• Assigned task: Below are the records; extract from them the line containing "Black/Red/White Kids Full" to the line containing "Eine junge fette", both lines included, exactly and with no pictures.

++++ Data to examine ++++

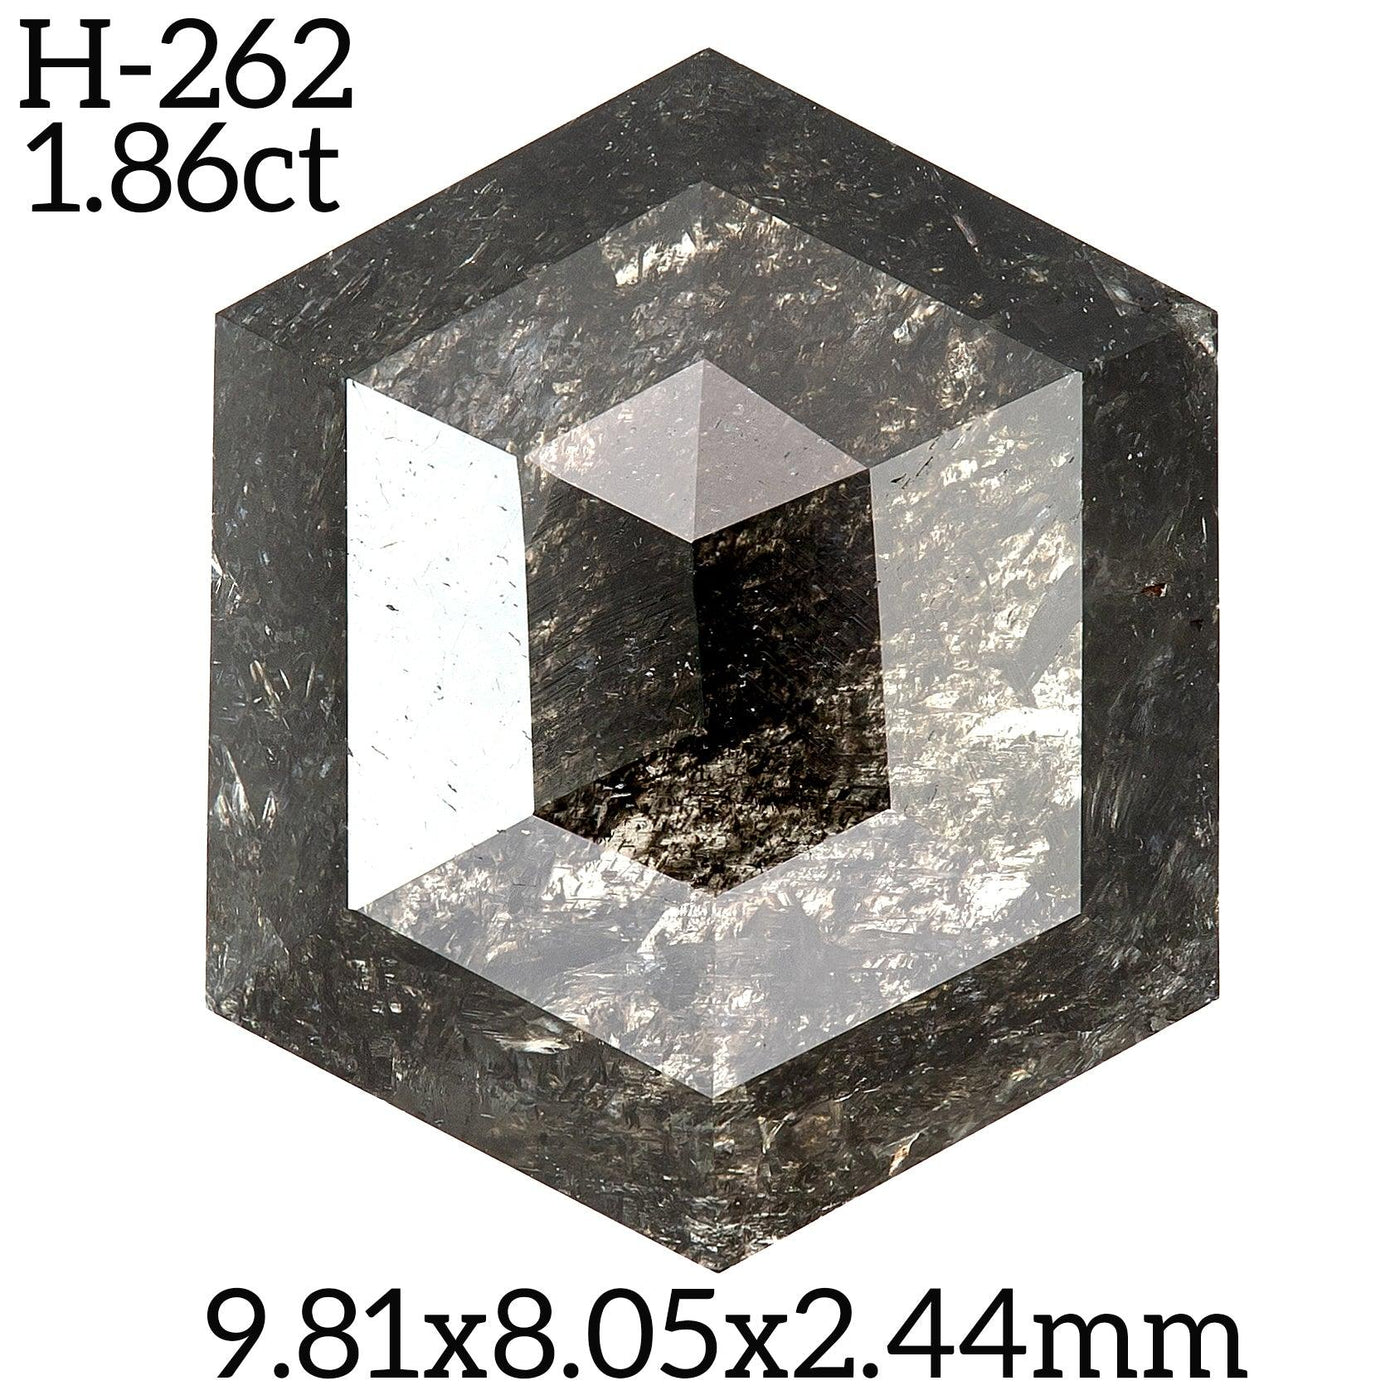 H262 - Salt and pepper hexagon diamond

++++
++++ Data to examine ++++

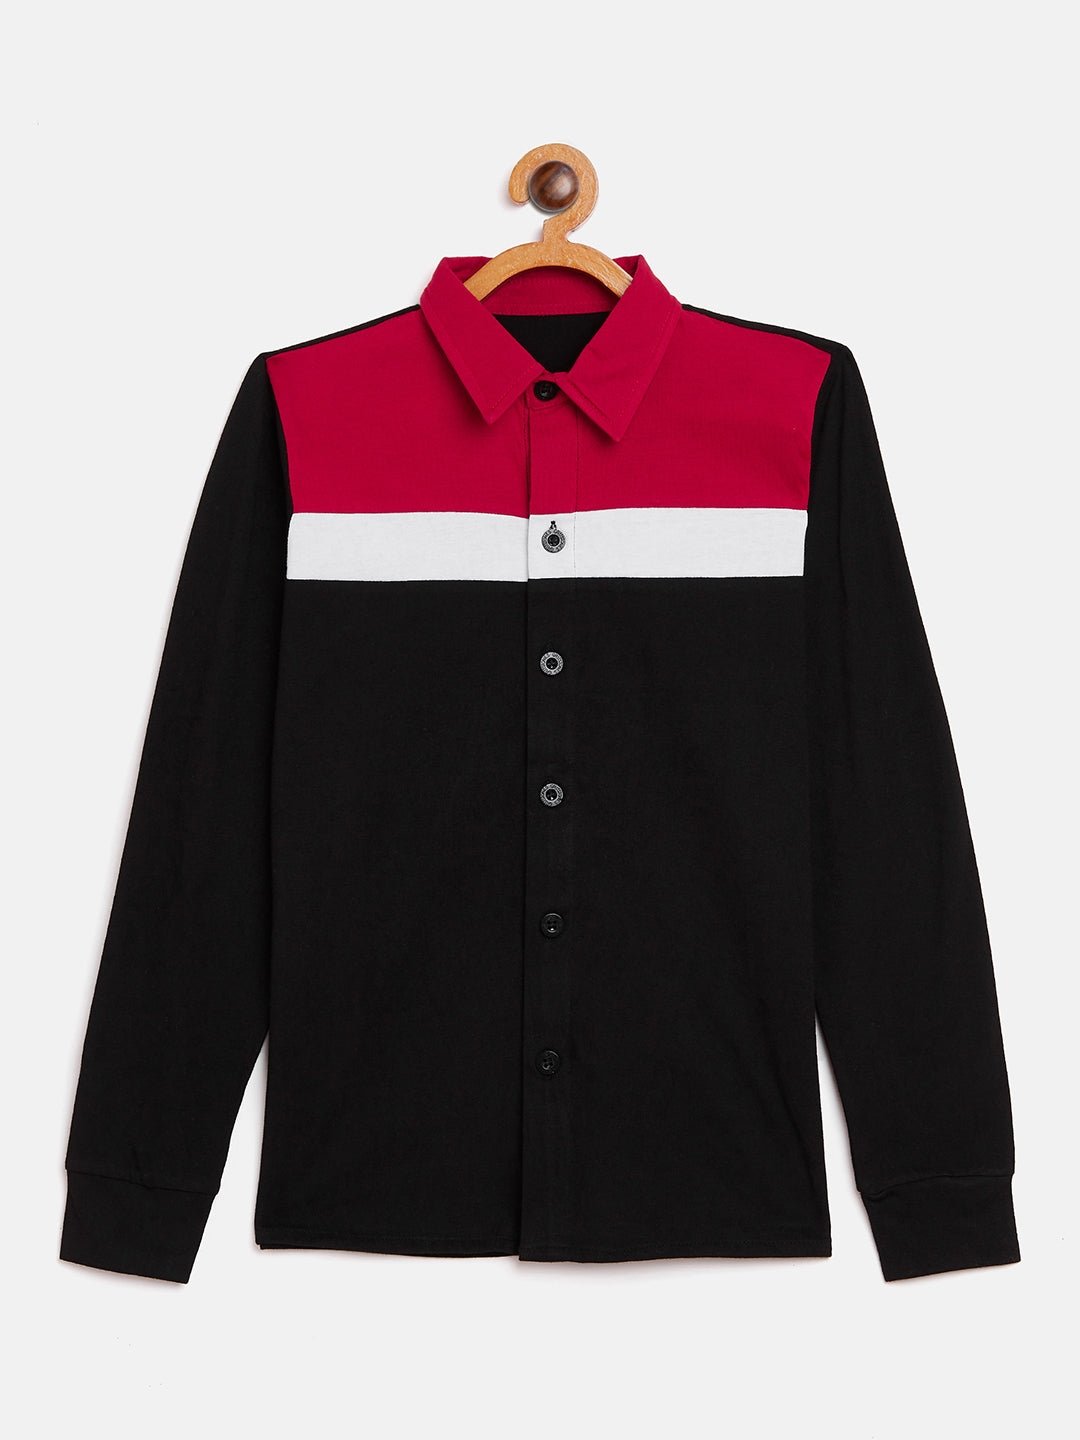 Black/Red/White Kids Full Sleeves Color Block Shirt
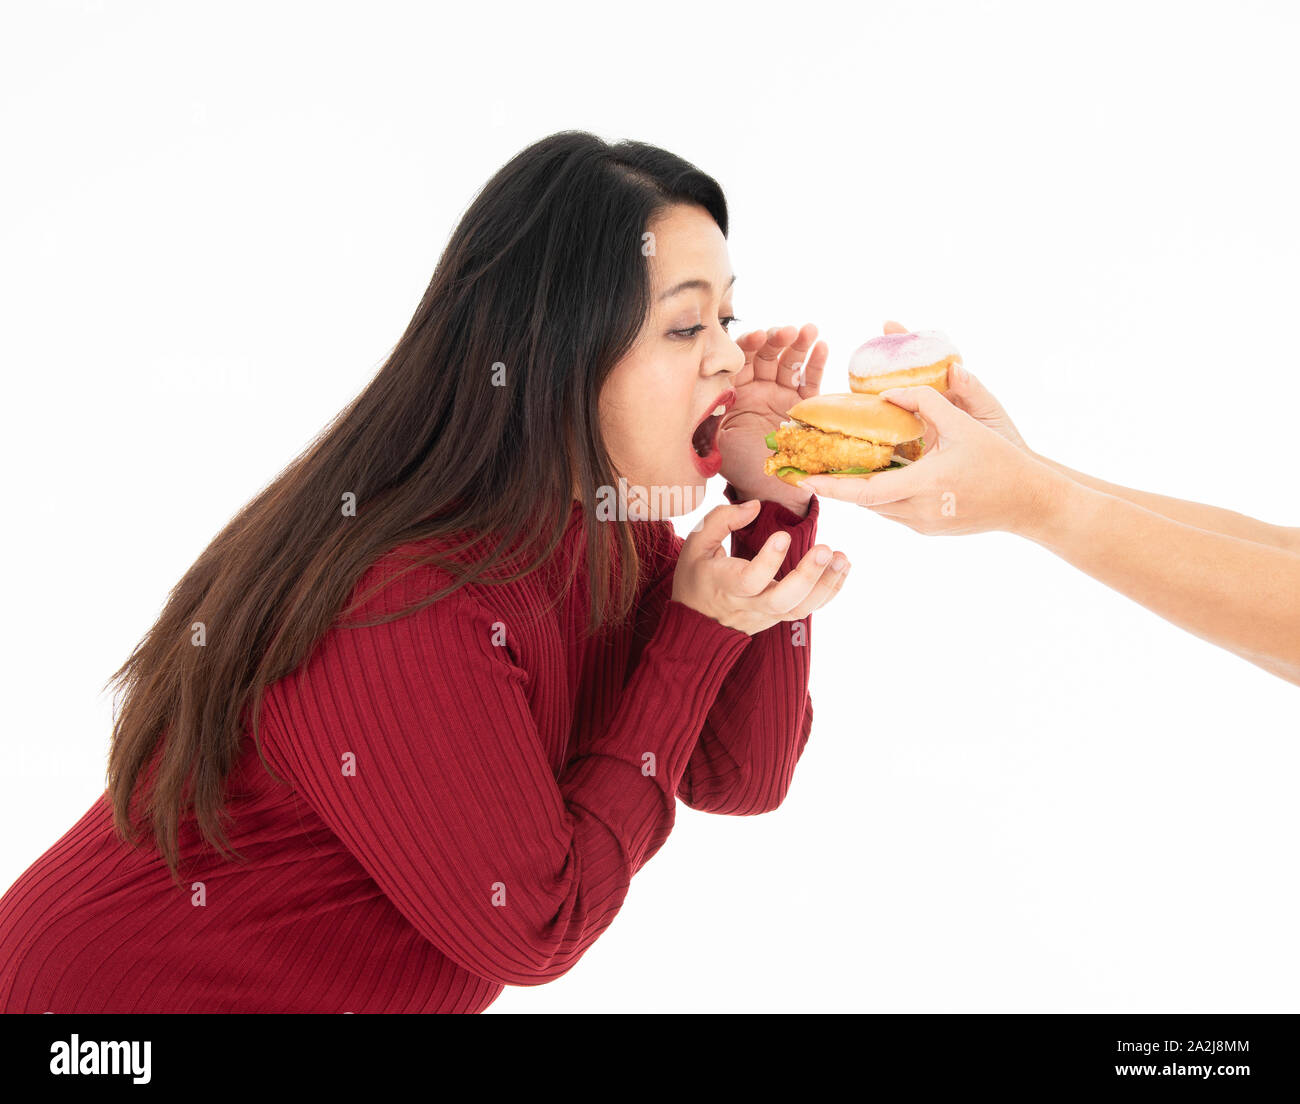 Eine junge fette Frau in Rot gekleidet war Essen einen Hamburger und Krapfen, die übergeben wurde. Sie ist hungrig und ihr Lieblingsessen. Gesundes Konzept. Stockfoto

++++
++++ Data to examine ++++

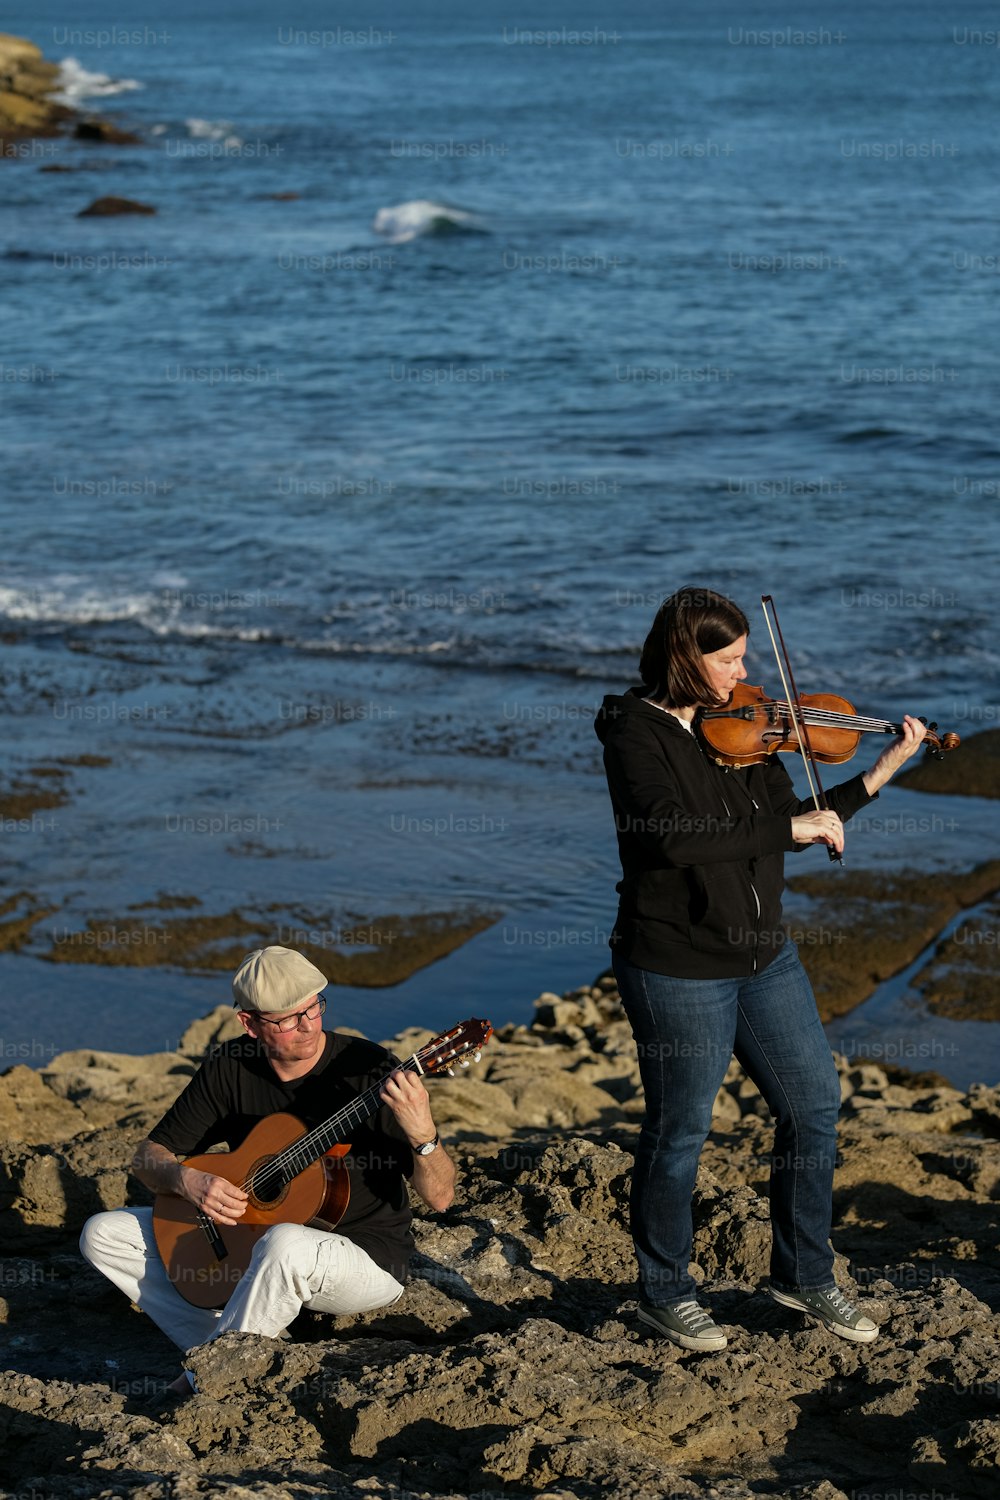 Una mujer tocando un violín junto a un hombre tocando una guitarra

++++

• Response to this task:
 Black/Red/White Kids Full Sleeves Color Block Shirt
 Eine junge fette Frau in Rot gekleidet war Essen einen Hamburger und Krapfen, die übergeben wurde. Sie ist hungrig und ihr Lieblingsessen. Gesundes Konzept. Stockfoto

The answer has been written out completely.